Wednesday, April 11.
Mr. VARNUM moved that the motion for removing to Philadelphia should be postponed generally. As the assent of Rhode Island was necessary to make seven states, no one chose to press a decision; the postponement was therefore agreed to nem. con., and the proceedings of yesterday involved the yeas and nays on some immaterial points struck from the Journal.
See the Journal till
Wednesday, April 18.
It having appeared, by the report of Mr. Jay on the instruction agreed to on Monday, the 2d instant, and on information referred to him concerning the discontents of the western people, that he had considered the act of seven states as authorizing him to suspend the use of the Mississippi, and that he had accordingly adjusted with Mr. Guardoqui an article to that effect; that he was also much embarrassed by the ferment excited in the western country by the rumored intention to cede the Mississippi, by which such cession was rendered inexpedient on one side, and, on the other side, by the disinclination in another part of the Union to support the use of the river by arms, if necessary; it was proposed by Mr. MADISON, as an expedient which, if. it should answer no other purpose, would at least gain time, that it should be resolved,
"That the present state of the negotiations with Spain, [meaning the step taken under the spurious authority of seven states,] and of the affairs of the United States, [meaning the temper and proceedings in the western country.] renders it expedient that the minister plenipotentiary at the court of France should proceed under a special commission to the court of Madrid, there to make such representations, and to urge such negotiations, as will be most likely to satisfy the said court of the friendly disposition of the United States, and to induce it to make such concessions relative to the southern limit of the said states and their right to navigate the River Mississippi, and to enter into such commercial stipulations with them, as may most effectually guard against a rupture of the subsisting harmony, and promote the mutual interest of the two nations; and that the secretary of foreign affairs prepare and report the instructions proper to be given to the said minister, with a proper commission and letters of credence; and that he also report the communications and explanations which it may be advisable to make to Mr. Guardoqui relative to this change in the mode of conducting the negotiation with his court."
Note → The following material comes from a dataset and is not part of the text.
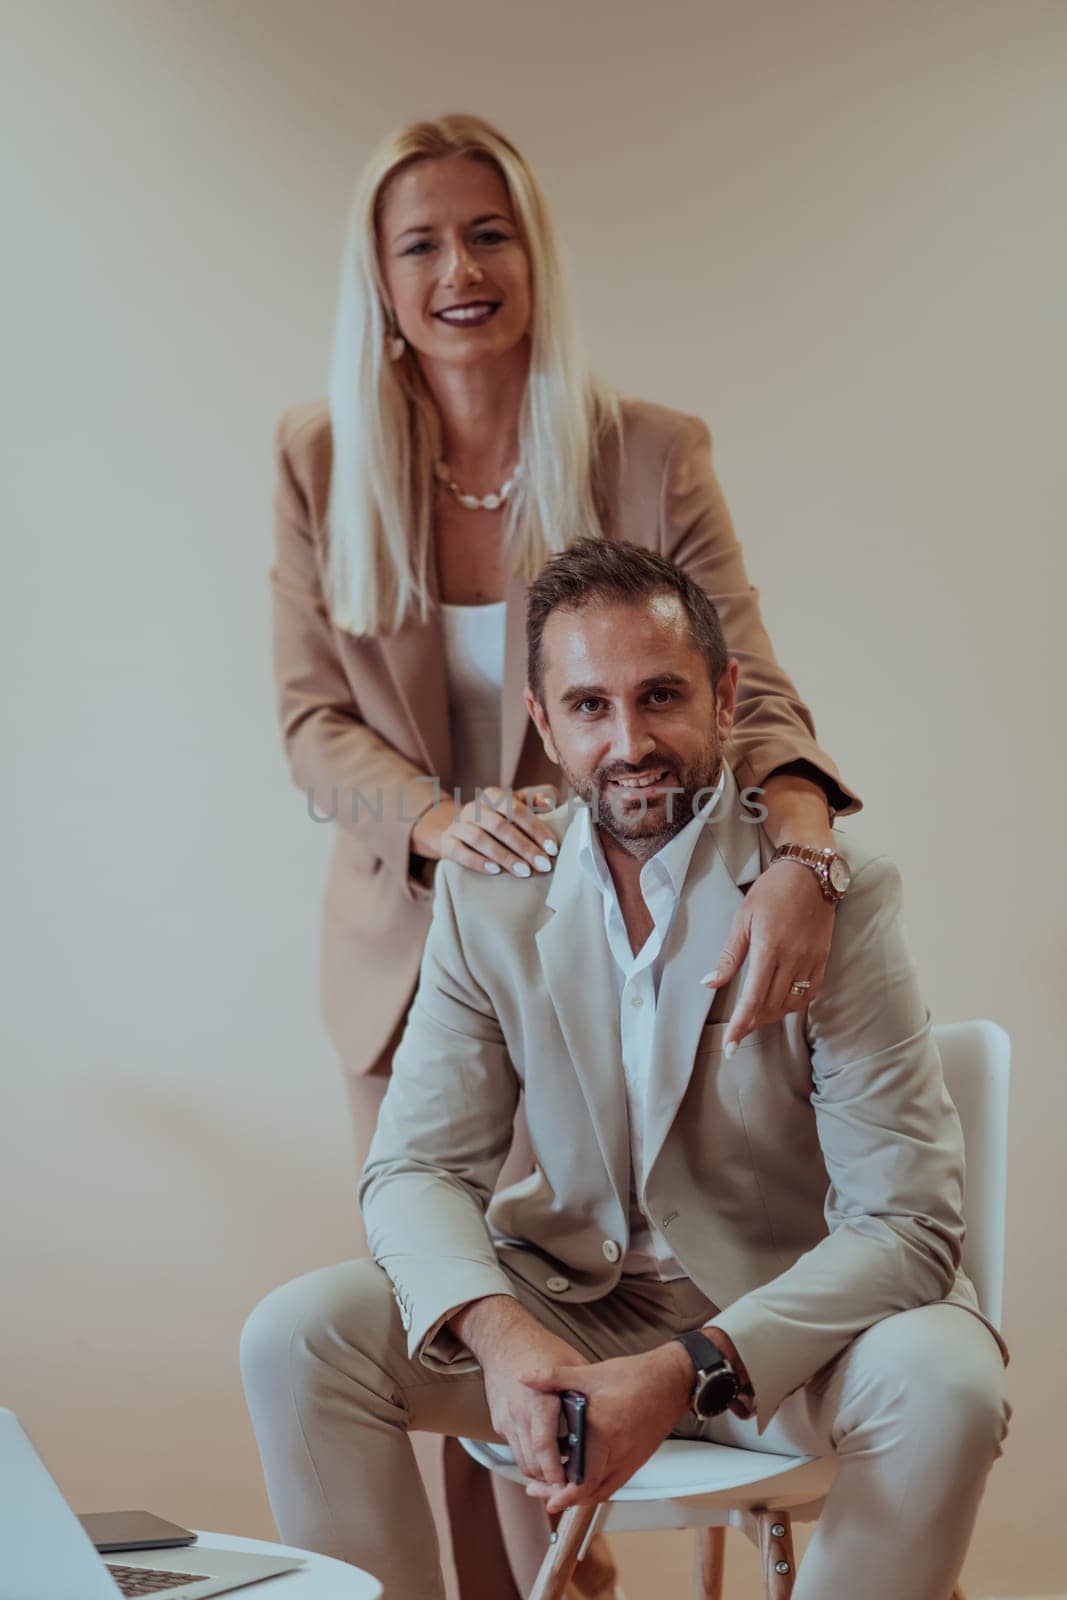 A business couple posing for a photograph together against a beige backdrop, capturing their professional partnership and creating a timeless image of unity and success. by dotshock

Mr. KING said, that he did not know that he should be opposed to the proposition, as it seemed to be a plausible expedient, and as something seemed necessary to be done; but that he thought it proper that Congress should, before they agreed to it, give the secretary for foreign affairs an opportunity of stating his opinions on it, and accordingly moved that it should be referred to him.
Mr. CLARK and Mr. VARNUM opposed the reference, it being improper for Congress to submit a principle, for deciding which no further information was wanted, to the opinion of their minister. The reference being, however, at length acceded to by the other friends of the proposition, on the principle of accommodation, it had a vote of seven states.58
Thursday, April 19.
The instructions of Virginia against relinquishing the Mississippi were laid before Congress by the delegates of that state, with a motion that they should be referred to the department of foreign affairs, by way of information.
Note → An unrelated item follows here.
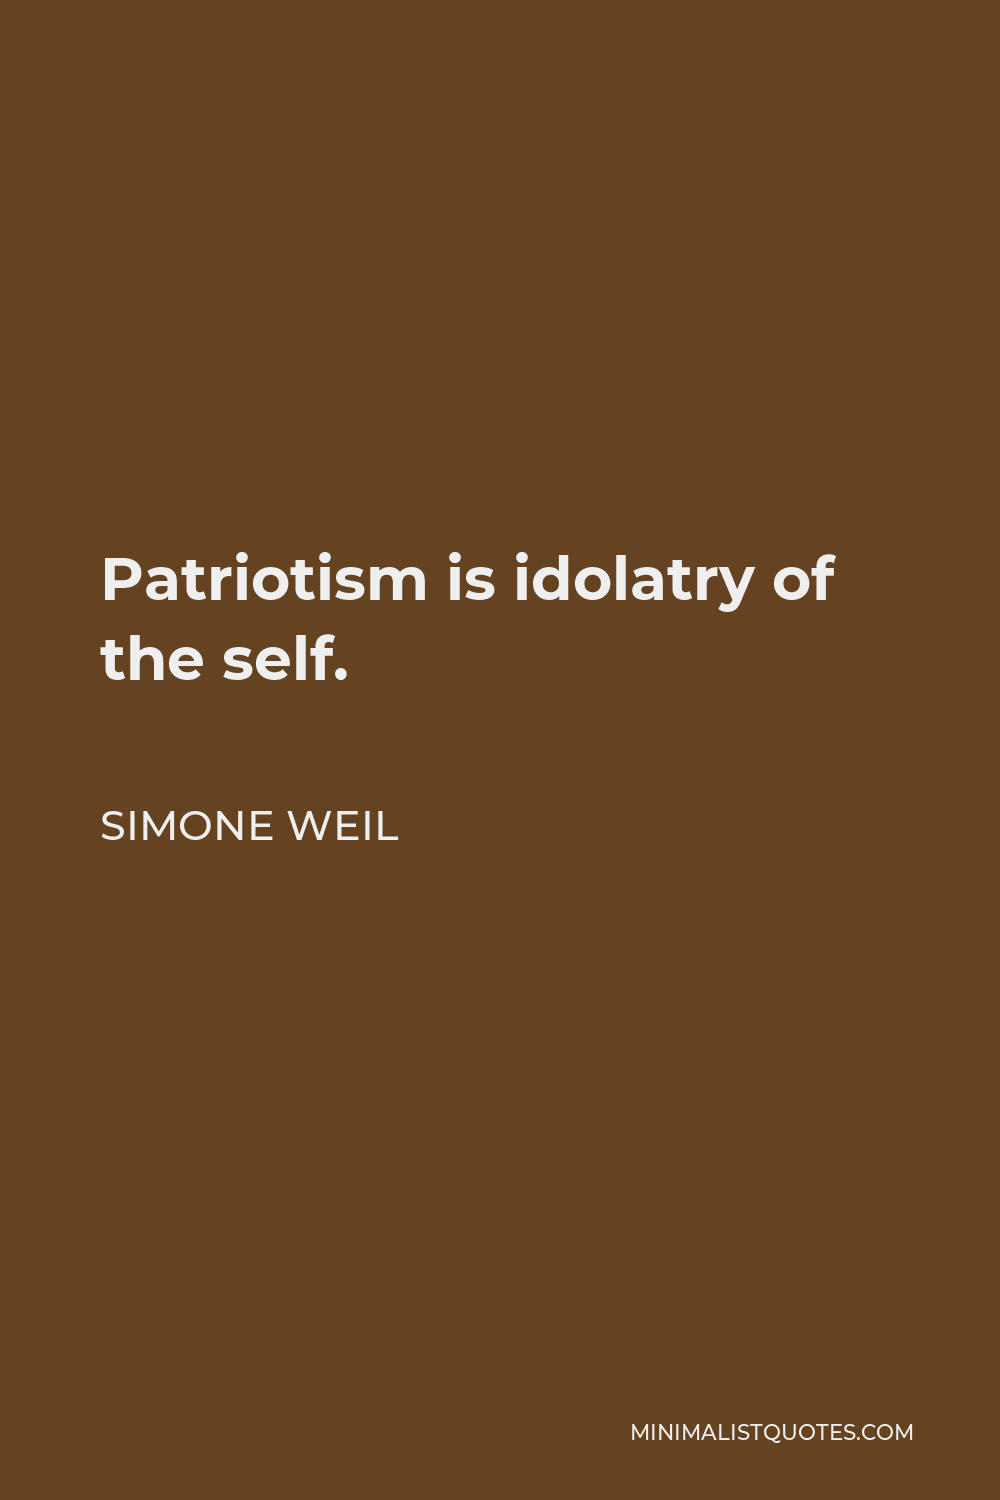 Simone Weil Quote - Patriotism is idolatry of the self.

The reference was opposed by Mr. KING and Mr. BENSON, as unnecessary for that purpose, the instructions having been printed in the newspapers.
In answer to this, it was observed, that the memorial accompanying the instructions had never been printed; that if it had, no just objection could be thence drawn against an official communication; that if Congress would submit a measure, as they had done yesterday, to the opinion of their minister, they ought at least to supply him with every fact, in the most authentic manner, which could assist his judgment; and that they had actually referred to the same minister communications, relative to the western views, less interesting and authentic, and which he had made the basis of a report to Congress.
The motion was lost, Massachusetts and New York being against it, and Connecticut divided. Mr. MITCHELL, from the latter state, was displeased at the negatives, as indicating a want of candor and moderation on the subject.59
Monday, April 23.
Mr. Jay's report, stating objections against the motion of Mr. Madison for sending Mr. Jefferson to Madrid, was taken into consideration.
Mr. MADISON observed, that Mr. Jay had not taken up the proposition in the point of view in which it had been penned; and explained what that was, to wit, that it was expedient to retract the step taken for ceding the Mississippi, and to do it in a manner as respectful and conciliating as possible to Spain, and which, at the same time, would procrastinate the dilemma stated by Mr. Jay. He said he was not attached to the expedient he had brought forward, and was open to any other that might be less exceptionable.
Mr. GORHAM avowed his opinion that the shutting the Mississippi would be advantageous to the Atlantic States, and wished to see it shut.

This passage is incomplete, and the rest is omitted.